_HOW TO COMPLETE THIS TASK:_
Starting with the line that contains "a52fb80b50 ADIDAS Messi", set down each line through the end of the entries below, exactly and with nothing added.

_DATA IN THIS EXERCISE:_
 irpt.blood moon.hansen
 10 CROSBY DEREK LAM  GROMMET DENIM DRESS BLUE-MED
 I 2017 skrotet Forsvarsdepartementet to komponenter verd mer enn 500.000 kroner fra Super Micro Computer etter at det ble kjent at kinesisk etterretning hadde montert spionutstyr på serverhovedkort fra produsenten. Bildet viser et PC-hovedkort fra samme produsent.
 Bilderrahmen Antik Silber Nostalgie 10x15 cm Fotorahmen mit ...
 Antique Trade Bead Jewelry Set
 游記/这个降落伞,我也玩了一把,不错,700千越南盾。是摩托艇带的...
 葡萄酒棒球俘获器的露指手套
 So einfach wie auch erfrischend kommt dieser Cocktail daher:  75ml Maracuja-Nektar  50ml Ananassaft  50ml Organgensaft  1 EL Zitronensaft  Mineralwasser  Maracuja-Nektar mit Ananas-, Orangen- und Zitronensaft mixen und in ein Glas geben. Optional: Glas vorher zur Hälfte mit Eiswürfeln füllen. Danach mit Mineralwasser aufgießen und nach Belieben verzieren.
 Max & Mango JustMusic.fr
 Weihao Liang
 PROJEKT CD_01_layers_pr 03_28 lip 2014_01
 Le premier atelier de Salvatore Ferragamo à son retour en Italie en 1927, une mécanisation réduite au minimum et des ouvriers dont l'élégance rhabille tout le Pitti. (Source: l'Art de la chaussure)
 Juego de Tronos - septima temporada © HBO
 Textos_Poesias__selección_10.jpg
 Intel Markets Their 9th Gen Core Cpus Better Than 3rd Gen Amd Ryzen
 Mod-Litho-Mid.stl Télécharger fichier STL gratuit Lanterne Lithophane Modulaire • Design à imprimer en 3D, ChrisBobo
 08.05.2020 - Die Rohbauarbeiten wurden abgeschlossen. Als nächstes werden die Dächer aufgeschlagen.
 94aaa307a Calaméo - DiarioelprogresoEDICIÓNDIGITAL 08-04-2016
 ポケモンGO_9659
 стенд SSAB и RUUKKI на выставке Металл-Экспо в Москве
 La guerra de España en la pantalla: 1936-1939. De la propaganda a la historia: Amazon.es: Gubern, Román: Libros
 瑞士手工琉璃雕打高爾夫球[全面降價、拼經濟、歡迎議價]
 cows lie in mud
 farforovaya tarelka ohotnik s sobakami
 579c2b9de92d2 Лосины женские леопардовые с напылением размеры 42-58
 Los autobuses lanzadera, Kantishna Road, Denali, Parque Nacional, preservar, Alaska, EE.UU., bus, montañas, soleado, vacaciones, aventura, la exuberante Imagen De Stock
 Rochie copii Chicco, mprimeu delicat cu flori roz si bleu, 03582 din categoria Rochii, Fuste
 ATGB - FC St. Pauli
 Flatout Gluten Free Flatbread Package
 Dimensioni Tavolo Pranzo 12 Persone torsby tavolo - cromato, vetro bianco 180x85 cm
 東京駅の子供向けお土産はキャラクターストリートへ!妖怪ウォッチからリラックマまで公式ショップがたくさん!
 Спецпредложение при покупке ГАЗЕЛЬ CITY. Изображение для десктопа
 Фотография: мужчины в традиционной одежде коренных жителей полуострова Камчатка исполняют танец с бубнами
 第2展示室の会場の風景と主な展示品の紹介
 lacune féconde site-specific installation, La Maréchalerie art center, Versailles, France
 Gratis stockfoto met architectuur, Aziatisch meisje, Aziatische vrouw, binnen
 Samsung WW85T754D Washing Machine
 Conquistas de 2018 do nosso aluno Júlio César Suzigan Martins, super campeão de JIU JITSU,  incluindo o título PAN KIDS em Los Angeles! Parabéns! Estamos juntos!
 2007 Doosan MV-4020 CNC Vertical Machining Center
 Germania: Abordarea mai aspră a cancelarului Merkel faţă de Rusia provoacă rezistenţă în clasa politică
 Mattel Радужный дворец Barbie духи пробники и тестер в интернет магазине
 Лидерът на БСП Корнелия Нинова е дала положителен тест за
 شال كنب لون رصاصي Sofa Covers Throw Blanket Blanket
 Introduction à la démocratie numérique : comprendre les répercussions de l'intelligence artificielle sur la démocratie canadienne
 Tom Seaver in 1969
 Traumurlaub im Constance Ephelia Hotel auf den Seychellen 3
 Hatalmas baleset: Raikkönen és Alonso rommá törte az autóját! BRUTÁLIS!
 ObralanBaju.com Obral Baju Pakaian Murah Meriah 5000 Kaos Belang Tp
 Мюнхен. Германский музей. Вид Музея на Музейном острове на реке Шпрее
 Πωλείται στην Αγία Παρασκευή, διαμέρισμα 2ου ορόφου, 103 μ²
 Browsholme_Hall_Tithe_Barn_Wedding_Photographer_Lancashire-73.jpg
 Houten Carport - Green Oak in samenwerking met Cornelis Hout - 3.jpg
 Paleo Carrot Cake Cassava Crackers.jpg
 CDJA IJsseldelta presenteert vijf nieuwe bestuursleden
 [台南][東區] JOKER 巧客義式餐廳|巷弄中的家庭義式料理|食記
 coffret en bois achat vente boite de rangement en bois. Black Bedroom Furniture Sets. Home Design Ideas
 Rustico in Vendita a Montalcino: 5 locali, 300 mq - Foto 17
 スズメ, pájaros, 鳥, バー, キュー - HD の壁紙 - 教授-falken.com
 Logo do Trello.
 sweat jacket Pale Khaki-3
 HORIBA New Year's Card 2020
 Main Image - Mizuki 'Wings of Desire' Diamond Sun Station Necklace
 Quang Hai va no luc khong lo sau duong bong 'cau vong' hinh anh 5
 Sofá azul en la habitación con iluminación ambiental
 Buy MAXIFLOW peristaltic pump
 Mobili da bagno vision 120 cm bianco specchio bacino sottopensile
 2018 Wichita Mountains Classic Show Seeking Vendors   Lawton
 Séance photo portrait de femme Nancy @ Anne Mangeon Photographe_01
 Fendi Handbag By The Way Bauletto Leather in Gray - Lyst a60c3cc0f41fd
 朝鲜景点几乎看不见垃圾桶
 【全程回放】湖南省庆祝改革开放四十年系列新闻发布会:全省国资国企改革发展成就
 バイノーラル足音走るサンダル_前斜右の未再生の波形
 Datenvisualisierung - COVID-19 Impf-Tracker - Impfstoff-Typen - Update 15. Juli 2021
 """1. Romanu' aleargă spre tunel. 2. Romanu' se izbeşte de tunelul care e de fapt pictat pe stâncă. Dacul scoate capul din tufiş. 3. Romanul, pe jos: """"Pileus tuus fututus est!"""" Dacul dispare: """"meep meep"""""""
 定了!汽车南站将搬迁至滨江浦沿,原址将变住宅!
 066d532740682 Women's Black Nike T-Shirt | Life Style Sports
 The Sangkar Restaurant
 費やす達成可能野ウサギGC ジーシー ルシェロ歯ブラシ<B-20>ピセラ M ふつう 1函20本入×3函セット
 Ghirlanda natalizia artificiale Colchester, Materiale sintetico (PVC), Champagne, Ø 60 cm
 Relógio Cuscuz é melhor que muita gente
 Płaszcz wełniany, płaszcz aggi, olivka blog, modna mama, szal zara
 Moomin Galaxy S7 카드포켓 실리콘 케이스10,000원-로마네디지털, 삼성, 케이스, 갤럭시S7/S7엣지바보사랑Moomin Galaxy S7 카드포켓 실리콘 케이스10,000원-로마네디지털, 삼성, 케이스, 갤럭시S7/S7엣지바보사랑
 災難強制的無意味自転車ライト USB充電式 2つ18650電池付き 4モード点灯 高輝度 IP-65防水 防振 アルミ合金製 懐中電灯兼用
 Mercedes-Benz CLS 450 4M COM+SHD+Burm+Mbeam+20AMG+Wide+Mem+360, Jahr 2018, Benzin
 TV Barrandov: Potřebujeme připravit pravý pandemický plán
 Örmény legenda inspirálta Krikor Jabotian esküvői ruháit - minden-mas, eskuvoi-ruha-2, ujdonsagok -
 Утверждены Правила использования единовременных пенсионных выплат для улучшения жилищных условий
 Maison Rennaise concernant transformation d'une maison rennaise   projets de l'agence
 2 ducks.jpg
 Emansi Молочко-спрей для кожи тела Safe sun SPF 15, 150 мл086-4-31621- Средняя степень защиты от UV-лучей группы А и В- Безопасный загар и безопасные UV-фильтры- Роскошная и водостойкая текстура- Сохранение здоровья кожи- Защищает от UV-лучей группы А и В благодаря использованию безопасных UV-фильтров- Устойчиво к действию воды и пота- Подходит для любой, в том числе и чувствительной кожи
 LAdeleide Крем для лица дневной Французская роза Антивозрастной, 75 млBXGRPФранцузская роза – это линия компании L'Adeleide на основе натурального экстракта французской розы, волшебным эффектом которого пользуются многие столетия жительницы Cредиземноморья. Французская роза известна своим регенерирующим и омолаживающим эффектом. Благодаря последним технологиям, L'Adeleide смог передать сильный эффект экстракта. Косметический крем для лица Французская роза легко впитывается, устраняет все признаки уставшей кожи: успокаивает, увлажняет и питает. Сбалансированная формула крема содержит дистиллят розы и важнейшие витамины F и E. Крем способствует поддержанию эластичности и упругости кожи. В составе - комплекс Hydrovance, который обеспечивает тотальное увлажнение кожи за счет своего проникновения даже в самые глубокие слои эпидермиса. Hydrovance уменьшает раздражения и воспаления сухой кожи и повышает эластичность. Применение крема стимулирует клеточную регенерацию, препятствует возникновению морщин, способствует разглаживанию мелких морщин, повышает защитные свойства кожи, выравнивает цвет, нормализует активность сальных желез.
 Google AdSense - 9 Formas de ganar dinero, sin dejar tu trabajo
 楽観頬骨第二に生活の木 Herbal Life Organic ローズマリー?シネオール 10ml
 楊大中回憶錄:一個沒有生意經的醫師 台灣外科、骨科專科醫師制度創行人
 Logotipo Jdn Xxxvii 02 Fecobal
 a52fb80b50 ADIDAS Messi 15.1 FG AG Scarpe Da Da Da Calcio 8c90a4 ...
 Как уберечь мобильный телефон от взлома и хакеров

_OUTPUT:_
 a52fb80b50 ADIDAS Messi 15.1 FG AG Scarpe Da Da Da Calcio 8c90a4 ...
 Как уберечь мобильный телефон от взлома и хакеров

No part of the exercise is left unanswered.